4.0下町にふりそそぎ輝く太陽の光を受けて若者達はどこへゆく

2025年4月9日
PCから投稿

日本がどん底から這い上がろうとしていた時代、
東京の下町で一生懸命に生きる人々を描いた物語。

町の工場で働く町子はある疑問を持ち始めていた。
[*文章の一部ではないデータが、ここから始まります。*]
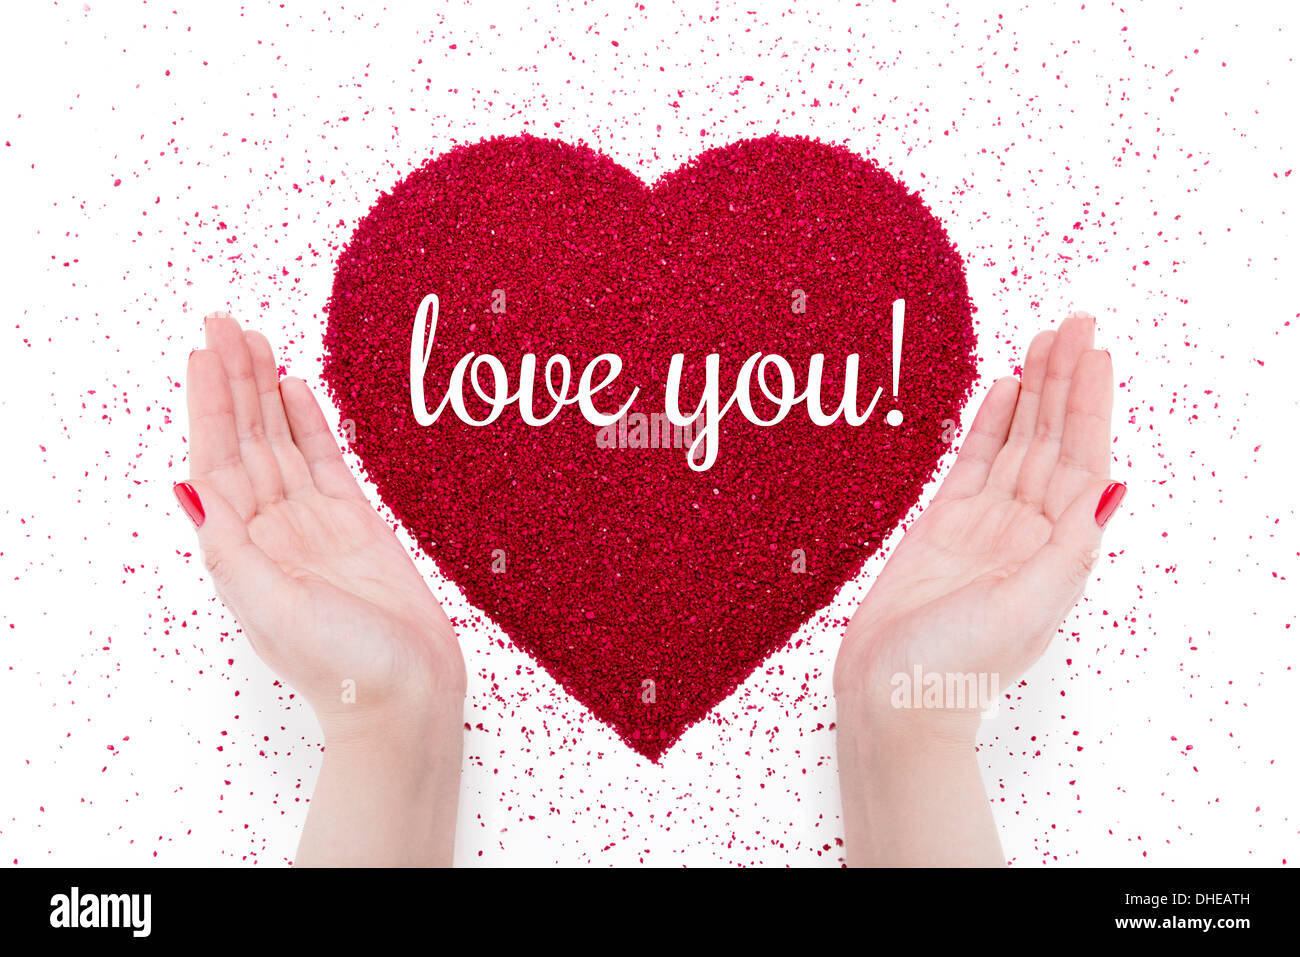 Auf das rote Herz der "Liebe Sand schriftliche dich" gemacht. Nähe befinden sich die Hände von Frauen mit roten Maniküre. Stockfoto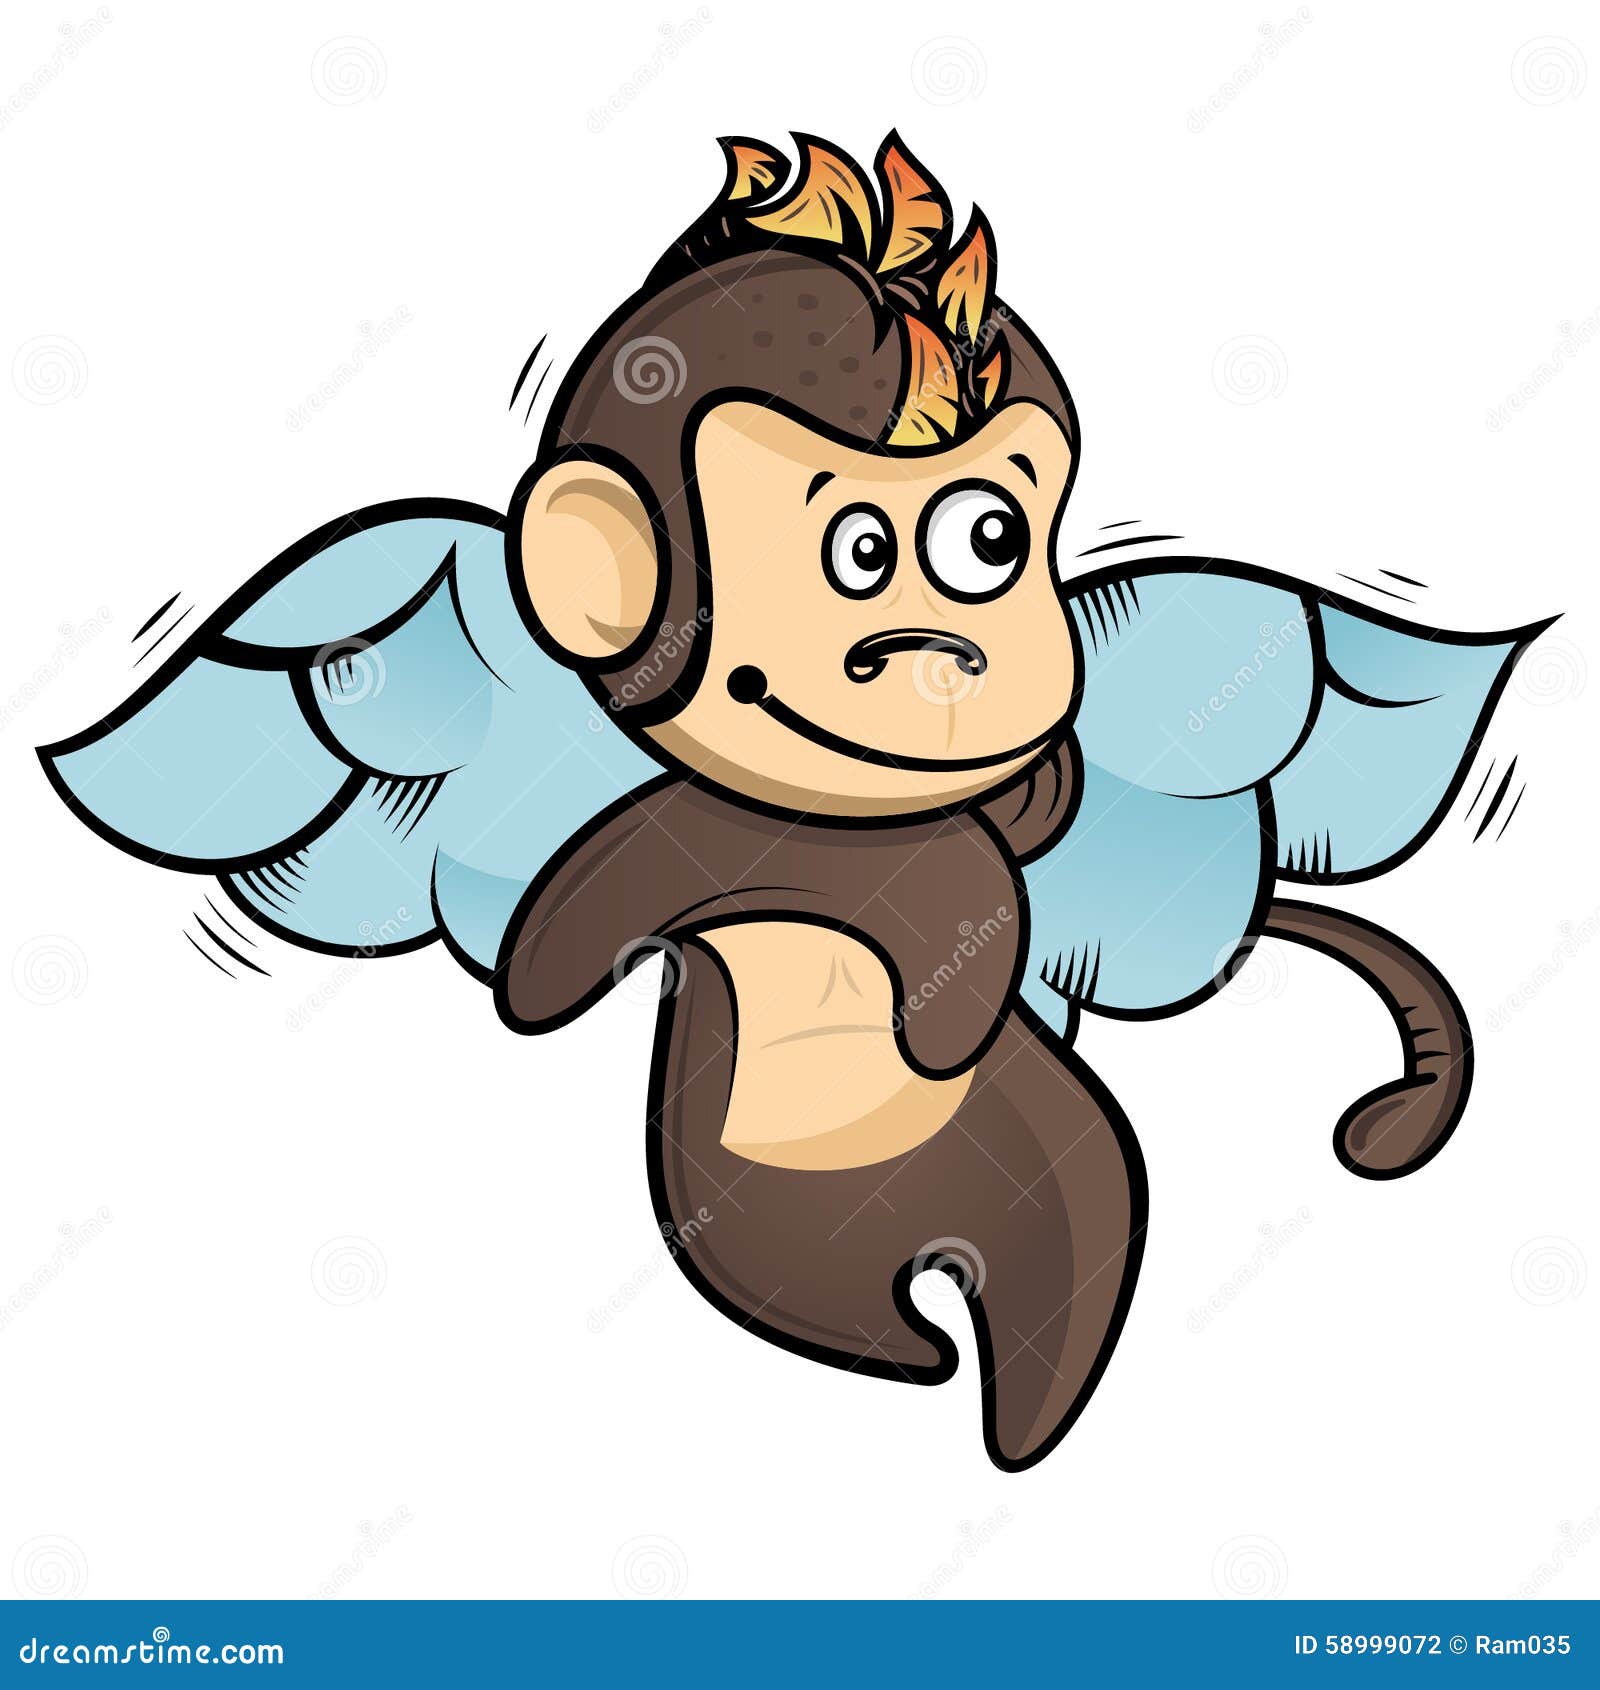 X 上的 Desenhos de Macaco：「Vou voltar fazendo macacos bem mais

毎日汗水垂らし働く自分や同僚の未来、下町を抜け出して団地に住む夢、女にとって結婚は幸せなのか、希望の終着地点はそこに有るのか、戦争を生き抜いた老人達は陽だまりの中で笑っている、工場や車の排気で濁る地上の空気、地上で生きる自分達の夢は確かなのか、何が正解で何が間違いなのか、手探りの毎日と見えない未来に揺れる心があった。

賠償千恵子演じる町子は笑い
家族の問題と恋の行方に悩む。
それでも彼女は明るく生きる。

物語は結末を見せないで終わる
いつもの町子の姿を映し終わる
このあと彼女がどんな恋をして
どんな結婚生活を送るかわからない。

山田洋次監督は若い彼らを通し
幸せや、やり切れなさ、残酷さ、
そんなものを当時の日本人に見せた。
同時に未来に生きる僕らに教えた。
日本にはこんな時代があったことを。

タイトルの「太陽」の意味を考えてみた。
太陽は下町で明るく生きる町子ではなく
あの下町に降り注ぐ光を受け生きる人
未来に進もうとする若い人たちだと。

「下町の太陽」
降り注ぐ光は同じでも
受け取る人で意味は違い
ある人には活力となり
ある人には無でしかない。

映画は現実を映している。
埃っぽく匂い立つあの辺り
今はあの辺りの面影はなく
20代の当時の出演者は
今は80歳を過ぎている。

そして

東京スカイツリーは
あの辺りである。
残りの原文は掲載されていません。